Total RNA was extracted by TRIzol (Invitrogen, Carlsbad, CA, USA), and 500 ng of total RNA was reverse-transcribed into complementary DNA by using PrimeScript RT Master Mix (TaKaRa) according to the respective manufacturer’s protocol. The mRNA levels of beclin1 and lc3 were measured by quantitative PCR (q-PCR) with an Applied Biosystems QuantStudio 6&7 (Applied Biosystems, Grand Island, NY, USA) using SYBR Premix Ex Taq II DNA polymerase (TaKaRa), and GAPDH gene expression was used as the endogenous control. Specific primers used for beclin1 and lc3 were used for real-time PCR: Sus scrofa beclin1 forward primer, 5′- CTGAAGAGTGTAG AAAACCAGATGC -3′, reverse primer 5′- CCAGCCTGAAGTTATTGATTGTG -3′, S. scrofa lc3 forward primer, 5′- AACTAAGCTGTCTCTGCCCC -3′, reverse primer 5′- ACTGGGCCAGAATCCATCCA-3′. All samples were sequenced three times, and experiments were repeated three times.

Statistical analysis

All experiments were performed at least three times, and the results are representative of three independent experiments. The data are presented as the means ± SEM (SD). Statistical significance was determined by ANOVA and Bonferroni post hoc test for multiple groups, while comparisons between 2 groups were analysed by unpaired Student’s t test. P < 0.05 was considered to be statistically significant.

Results

PPV infection suppresses mTOR phosphorylation

mTOR is a crucial regulator in the autophagy pathway [24]. To study the autophagy pathway regulated by PPV infection, we first explored whether mTOR is involved in PPV-induced autophagy. As the results showed, compared with those in the mock infection condition, the levels of p-mTOR in PTCs were all significantly decreased 6 h, 12 h, and 24 h post-PPV infection (Figures 1A and B). In contrast, PPV infection caused the protein levels of Beclin1 to begin to increase 6 hpi, and this increase persisted until 24 hpi in PTCs (Figures 1A and C), while the protein levels of LC3II began to increase 12 hpi (Figures 1A and D). Further, Q-PCR results showed that both beclin1 and lc3 mRNA levels were significantly upregulated in PTCs 6 h, 12 h, and 24 h post-PPV infection compared with those in the mock infection group (Figures 1E and F). These results suggest that mTOR is involved in the regulation of PPV-induced autophagy.

Figure 1
figure 1

PPV infection suppresses mTOR phosphorylation.
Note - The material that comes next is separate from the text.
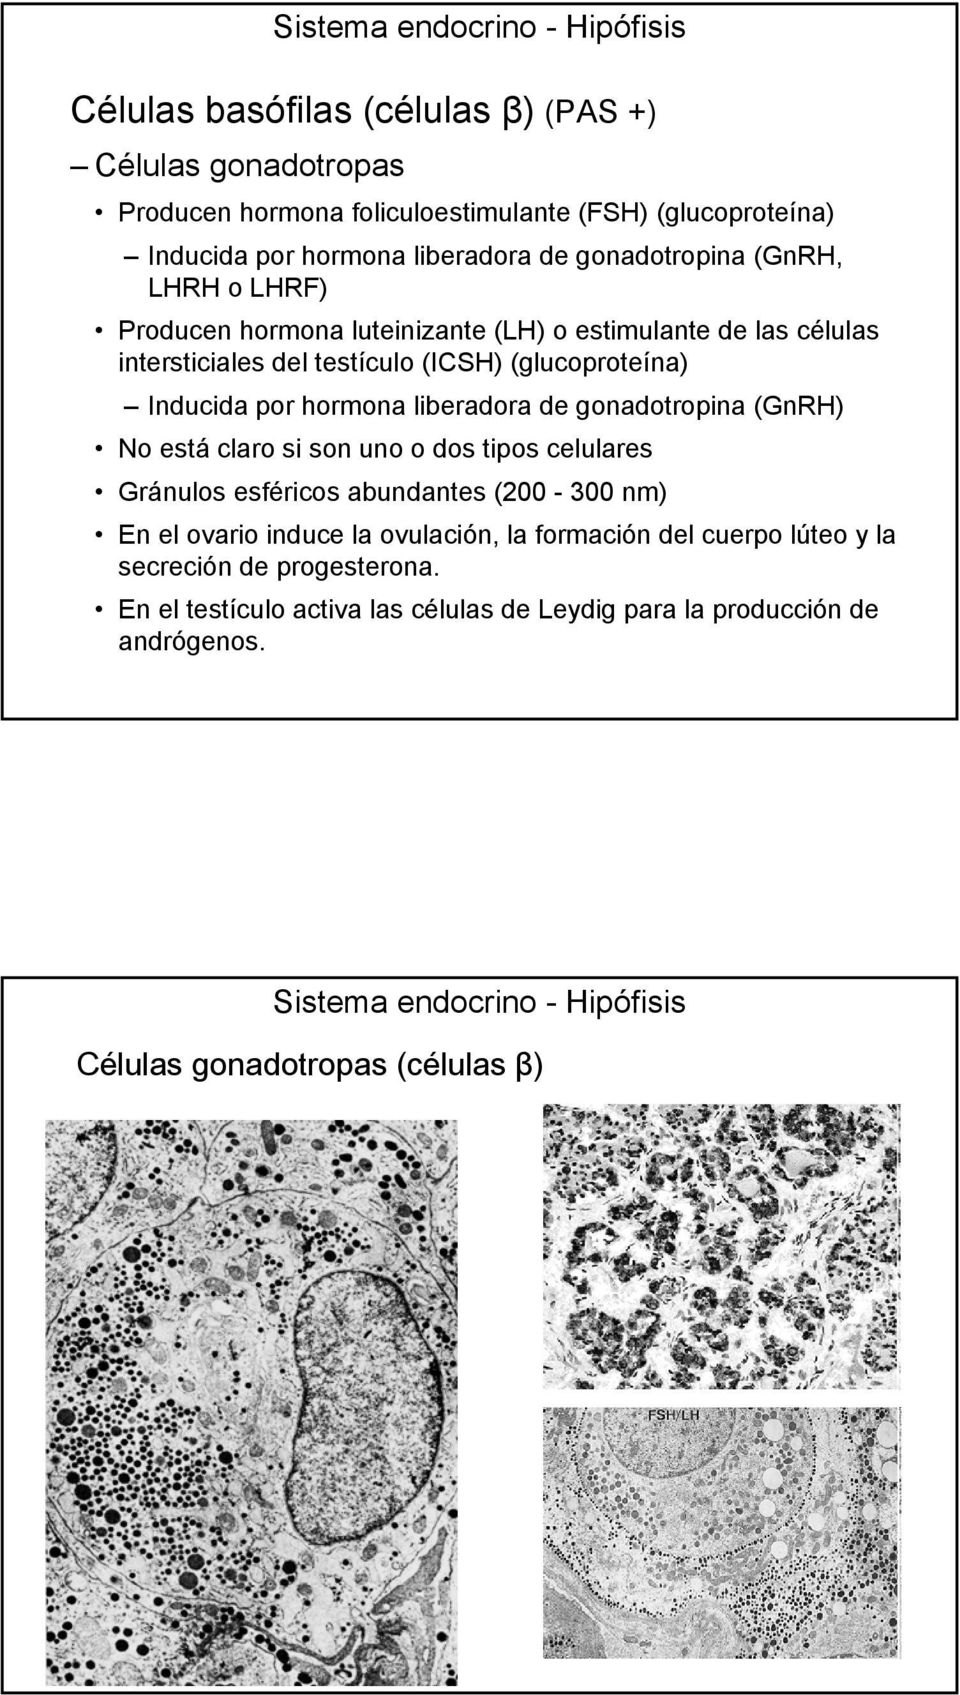 hormona liberadora de gonadotropina (GnRH) No está claro si son uno o dos tipos celulares Gránulos esféricos abundantes (200-300 nm) En el ovario induce la

PTCs were infected with PPV at MOI = 1 or were mock infected for 0 h, 6 h, 12 h, and 24 h. A Cell lysates were collected individually for Western blotting analysis with anti-mTOR, anti-p-mTOR, anti-Beclin1, anti-LC3A/B and anti-β actin antibodies. B–D Ratios of p-mTOR to mTOR, as well as Beclin1 and LC3 II to β-actin, as reported in A, were calculated and analysed. E, F The mRNA levels of beclin1 and lc3 were detected by quantitative-polymerase chain reaction (q-PCR). The results are the mean ± SEM (SD) of three experiments, * p < 0.05; ** p < 0.01.

Activation of mTOR inhibits PPV-induced autophagy and suppresses PPV replication

Subsequently, to analyse whether inhibition of mTOR is an essential step in PPV-induced autophagy, PTCs were transfected with a eukaryotic recombinant plasmid expressing Rheb (Additional file 1), which positively regulates mTOR, before PPV infection. The results showed that the phosphorylation of mTOR increased notably in PPV-infected cells treated with Rheb compared with the PPV-infected cells without Rheb treatment (Figures 2A and B); however, Beclin1 and LC3 II expression was decreased significantly at the mRNA level (Figures 2E and F) and protein expression levels (Figures 2A–D) upon Rheb treatment in PPV-infected PTCs. Puncta formation of GFP-LC3-labelled vesicles is regarded as an indicator of autophagosome formation. As shown in Figures 2G and H, a large number of puncta were formed in GFP-LC3-labelled vesicles in PPV-infected PTCs, whereas puncta of GFP-LC3-labelled vesicles were rarely observed upon Rheb treatment of PPV-infected PTCs, indicating that inhibition of mTOR was an essential step in PPV-induced autophagy. Furthermore, we found that Rheb treatment not only inhibited autophagosome formation but also inhibited PPV replication in PTCs (Figure 2I). Taken together, these data indicate that PPV infection induces autophagy and promotes PPV replication by inhibiting mTOR signalling.

Figure 2
figure 2

Activation of mTOR inhibits PPV-induced autophagy and suppresses PPV replication. PTCs were transfected with the mTOR activator Rheb plasmid or the same quality of vector and then infected with PPV for 12 h. A The levels of mTOR, p-mTOR, Beclin1 and LC3 II were examined by Western blotting. B–D Ratios of p-mTOR to mTOR, Beclin1 and LC3 II to β-actin as reported in A were calculated and analysed. E, F The mRNA levels of beclin1 and lc3 were detected by qPCR. G, H GFP-LC3-transfected PTCs were pre-treated with Rheb or DMSO. After infection with PPV or mock for 12 h, GFP-LC3 puncta formation in the cells was observed under laser scanning confocal microscopy (G). DAPI (blue) was used to stain nuclear DNA; scale bar: 15 Î¼m. H The number of GFP-LC3 puncta in each cell was counted to calculate the average number of GFP-LC3 puncta per cell. At least 50 cells were counted in each group. I PTCs were infected with PPV after treatment or mock treatment with Rheb, and PPV DNA copies were then evaluated by Q-PCR 24 h post-infection. The results are the mean ± SEM (SD) of three experiments, * p < 0.05; ** p < 0.01.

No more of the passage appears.